Larry Drake was the horrid bad-guy with the cigar-clipper in Darkman (1990) & the retarded sweety-pie in television's LA Law. He's potentially a very, very fine character actor though so far no one's given him the types of film roles that would really prove it.
In Dark Asylum he plays an arch psychopath serial killer. As a physical presence he is more awesome than Jason in the Friday the 13th franchise, without even needing the face-mask & knife to be totally creepy. The whole cast has some acting ability & nobody turns in a crappy performance.
Alas the script is just stalk & slash, wound him with a gun, stalk & strangle, wound him, stalk & strangle, stair & strangle, strangle & strangle, shoot & miss & strangle, run & hide & crawl in yet another type of crawlspace & get caught & run & strangle, then strangle, get caught in the crossfire while being strangled, then raise a hatchet, then strangle, & finally the dullard of a leading lady (Paulina Poriskokova impersonating Jamie Lee Curtis) wacks him into submission with a stick & pushes him on a bomb, big fucking deal.
It's as imaginative as farting, & twice as smelly.
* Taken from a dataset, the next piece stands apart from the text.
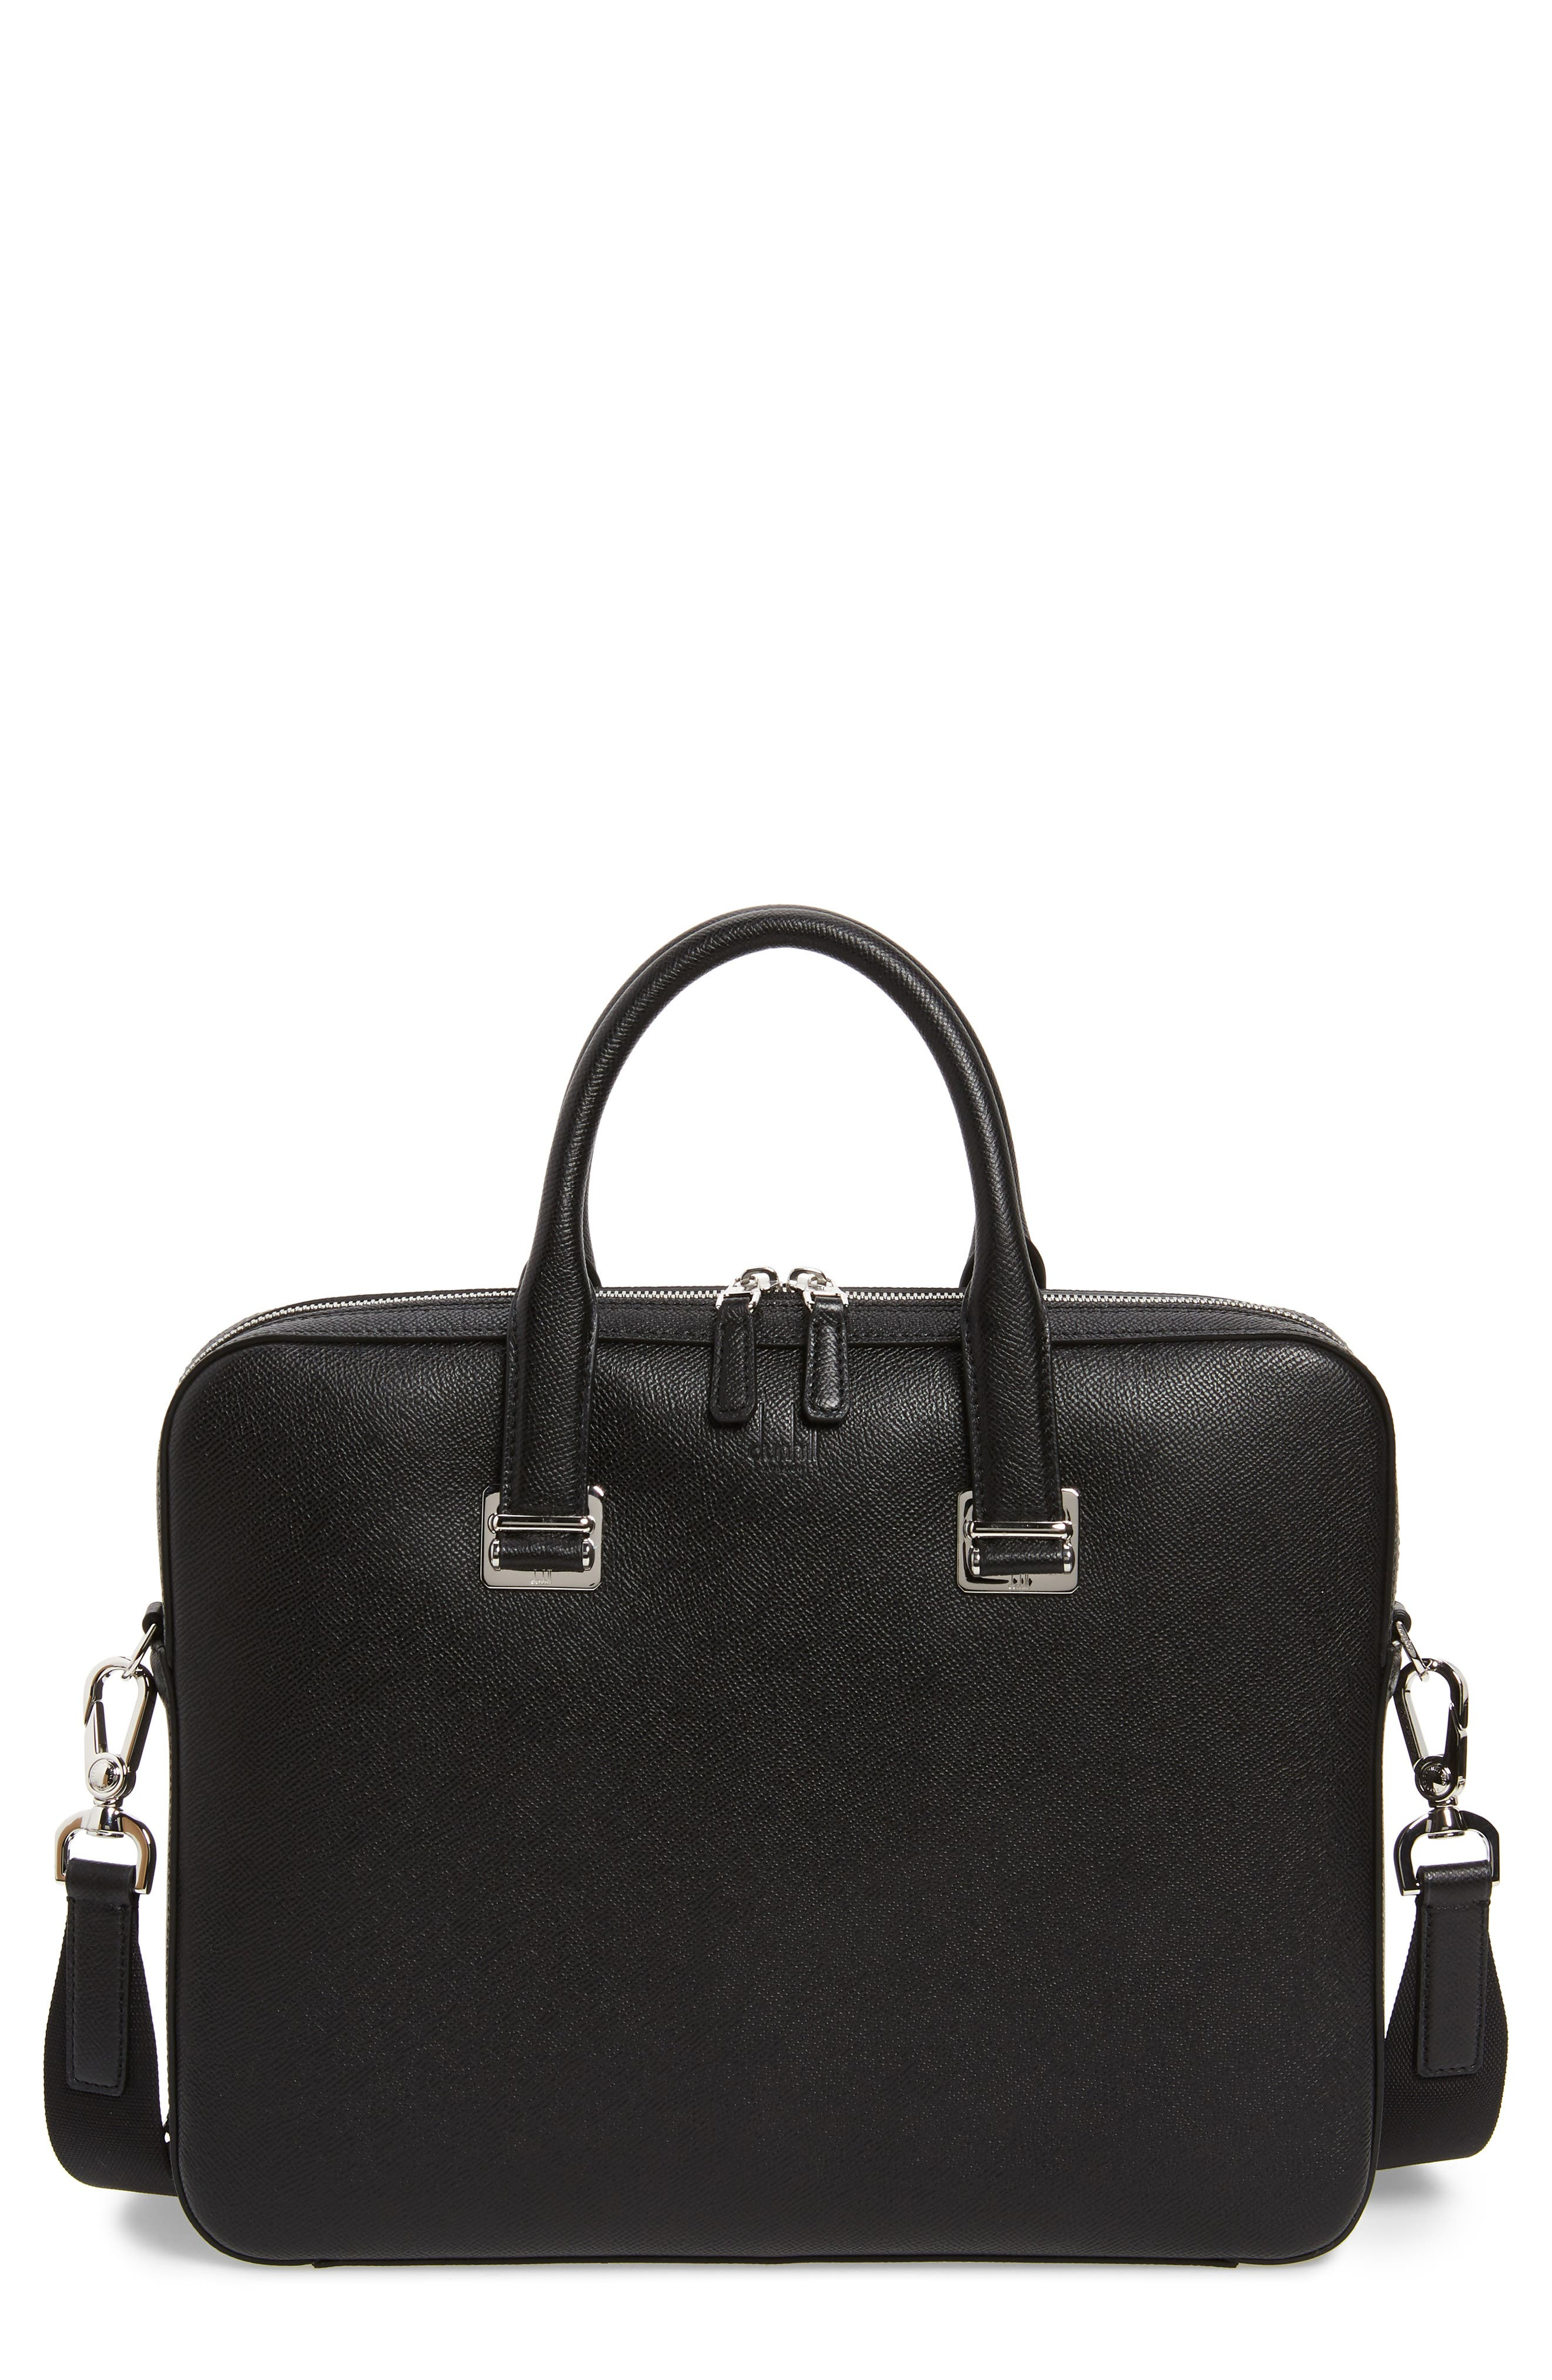 DUNHILL, Cadogan Leather Single Document Case, Main thumbnail 1, color, BLACK

The five kinds of crawlspaces in the improbable rat-maze asylum provide enough environments behind the walls that a secret society of cats that evolved into human beings as in Red Dwarf could've been living in there undiscovered, before even counting the sewer access. Every scene has been seen a bazillion times in more interesting contexts than this time through.
While bad actors can sometimes fail to ruin a pretty good script, this film proves that fairly good actors can't save a really bad script. Jurgen Proknov & Judd Nelson & the rest of an impressive roster must've been awfully desparate for work, as there's just nothing in the script that could've made any one of them say, "Wow, I gotta be in this!" ÝSo it's surprising the quality of actor who can fall on such hard times they daren't even choose their cheezier gigs carefully.
A rather tongue in cheek tale of terror, Doom Asylum (1987) begins with a man who wake up on the autopsy table after a terrible disfiguring accident. Ten years later there are many urban legends about the psycho who wanders about killing people with autopsy tools.
Kiki (Patty Mullen), the daughter of the woman who died in the same accident (who was also played by Patty Mullen), & other young people, show up at the abandoned asylum, to be the bowling pins of the "let's kill everybody" storyline.
Absurdist throughout, comedy takes even more skill than horror, so it does very badly in two departments for the price of one. But it does have everything a cheezy pointless unwholesome & unimaginative film needs to be great fun at the "so bad it's good" movie party.
It's packed with bad jokes, bad acting, & bad gore gags. And it was filmed in an actual abandoned Jersey asylum, which lends a certain authenticity that the no-budget could never have recreated with a set designer.
Throughout we get clips from very old black & white horror films starring Tod Slaughter, spliced in as an afterthought to pad this cheapie to feature length, on the premise that the psycho of the tale is a Tod Slaughter fan.
Inserting fragments of Sweeney Todd the Demon Barber of Fleet Street (1936), The Crimes of Stephen Hawks (1936), The Face at the Window (1939), & a couple others, turns out to have been a really great idea & lend moments of competence to an otherwise amateurish horror film.